Saturday, November 3, 2012

God acts extravagantly, but in secret

That last of the seven sorrows of Mary: laying Jesus' body in the tomb.


Nicodemus, who had first come to Jesus by night, came carrying a mixture of myrrh and aloes weighing about 100 pounds.
Then, they took the body of Jesus and bound it with linen and with the spices.
This is the burial custom of the Jews.
There was in the place where he was buried a garden
and in the garden a new tomb, in which no-one had been placed.
There then, because it was the day of preparation of the Jews, and because the tomb was near,
they placed Jesus.



~~


He had come at night to see the Light of the World.  Nicodemus wanted to keep his interest in Jesus secret, so he went to see him at night to ask his questions about how to enter the kingdom of God.  Now the secret is out: a respected member of the Sanhedrin, Nicodemus can’t have been a young man and must have struggled to carry 100 pounds of ointment up a hill.  The sight must have seemed almost comic, almost pathetic as he tottered along struggling with this heavy load.  He certainly can’t have been moving quickly, covertly or even inconspicuously.  Everyone would now know that he was off to do something extravagant.

What caused this change in him?  We don’t know.  Some saints tell us about how God has acted to turn their lives around or others tell us for them: St. Augustine, St. Francis, St. Ignatius, St. Mary of Egypt, St. Paul.  But not Nicodemus.  And not most people I know.  I remember that before I went to the novitiate, Fr. Pat Neary told me, “The Novitiate is a very mysterious time.  You’ve had a good year at Moreau, but you’re not a religious yet.  If you come back after a year on the mountain, you’ll come back as a religious and I don’t really know how that happens, except that it has a lot to do with grace.”

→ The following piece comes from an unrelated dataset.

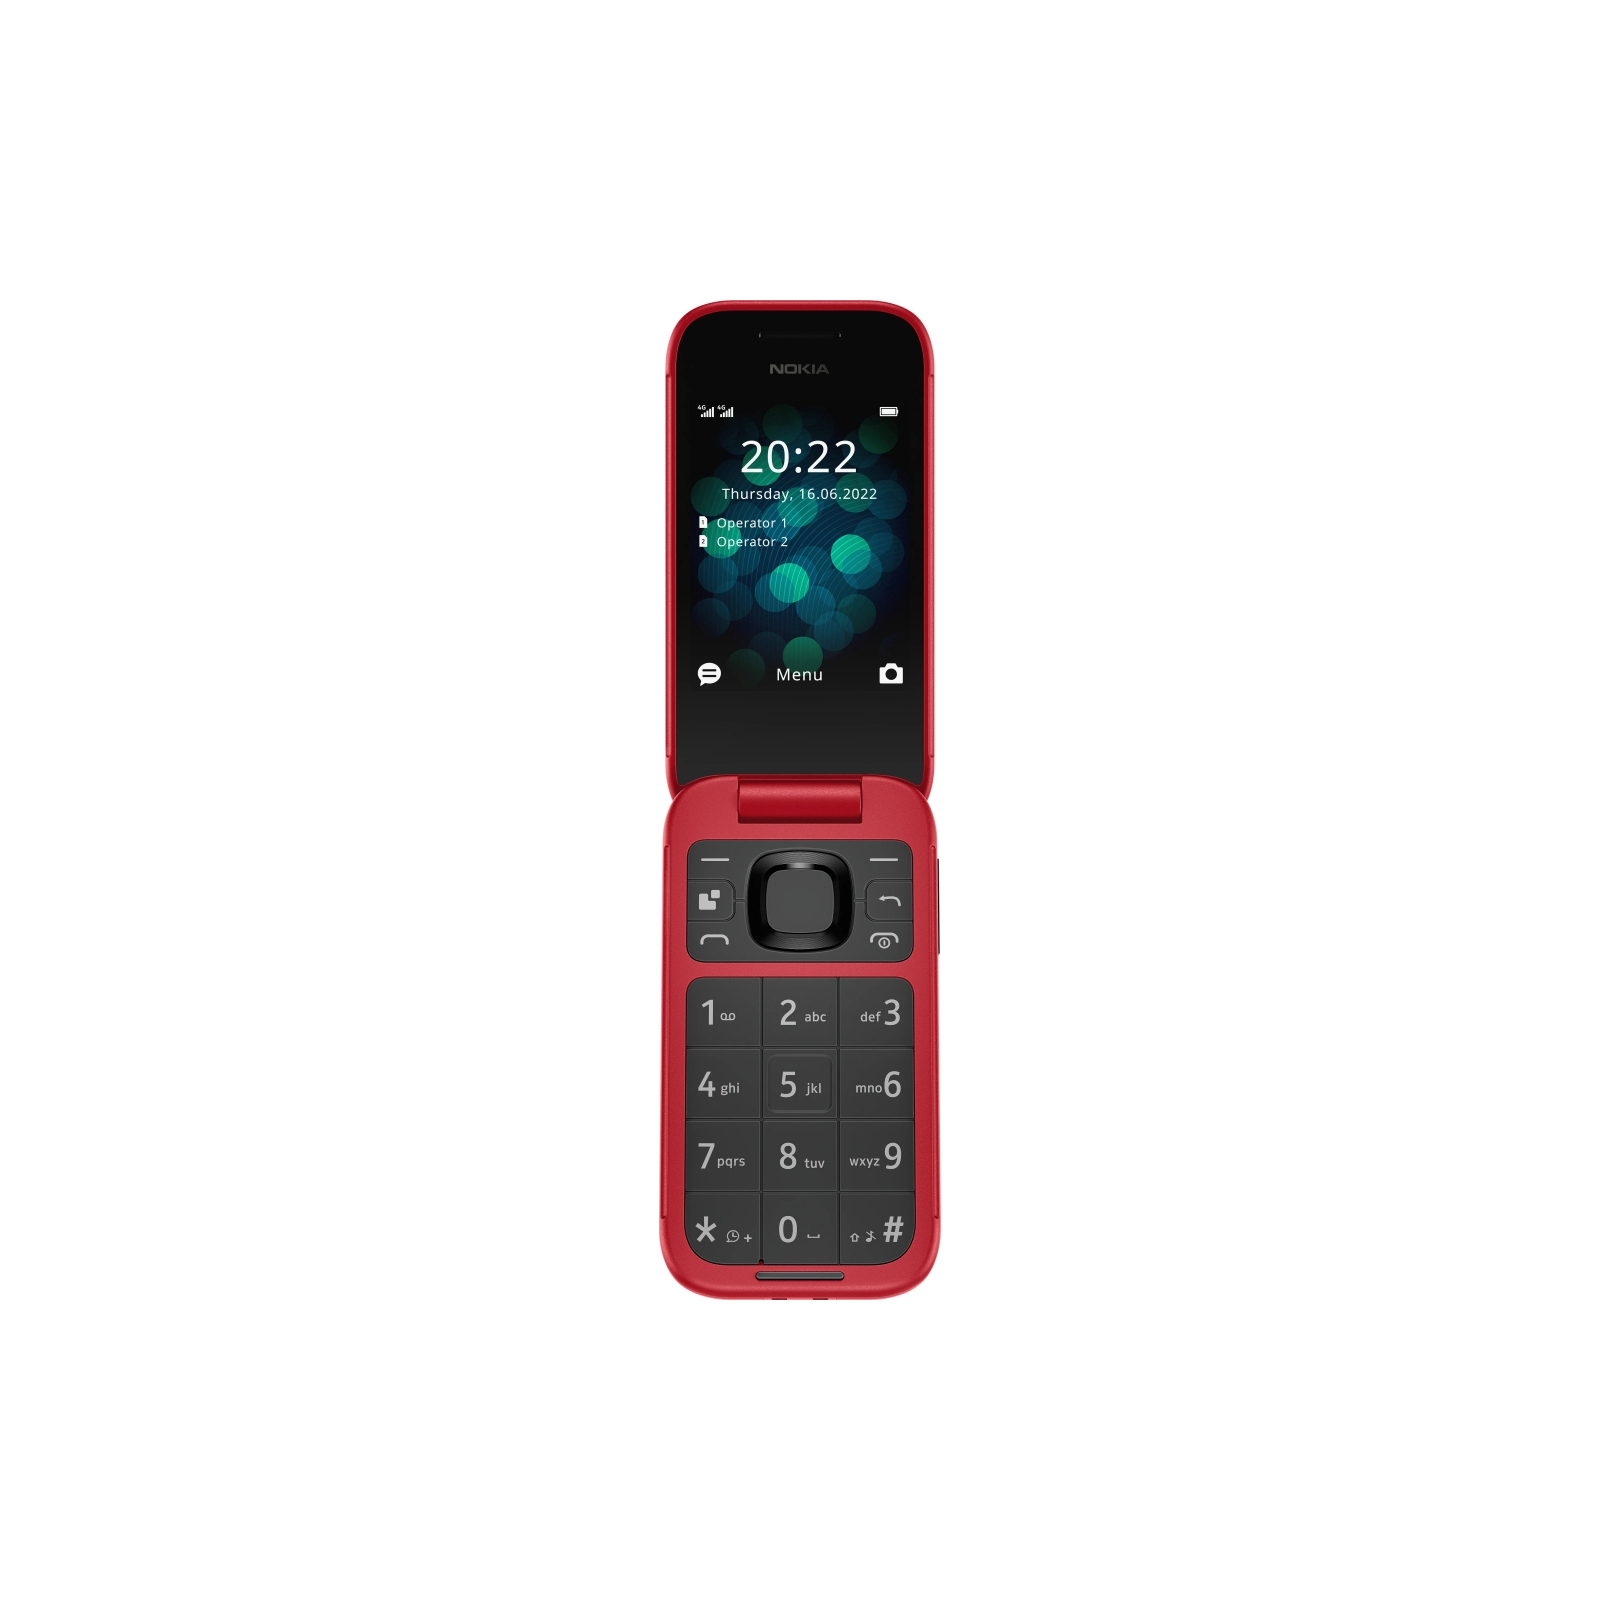 Мобільний телефон Nokia 2660 Flip Green зображення 3

In today’s reading Jesus is anointed for a royal burial by someone who first came at night to ask how to gain access to the Kingdom.  It’s the latest in a succession of things happening to Jesus: being crucified, being taken down from the cross, being passed around, being anointed, being placed in a tomb.  But at the heart of the Gospel, at the heart of the Passion, is God acting.  God often acts as secretly as Nicodemus’ first approach to Jesus.  God always acts as extravagantly as his last.  How did Nicodemus find his king?  We don’t know, except that it has a lot to do with grace.  How will that stone be rolled away?  How will we be made perfect in holiness?  We don’t know, except that it has a lot to do with grace.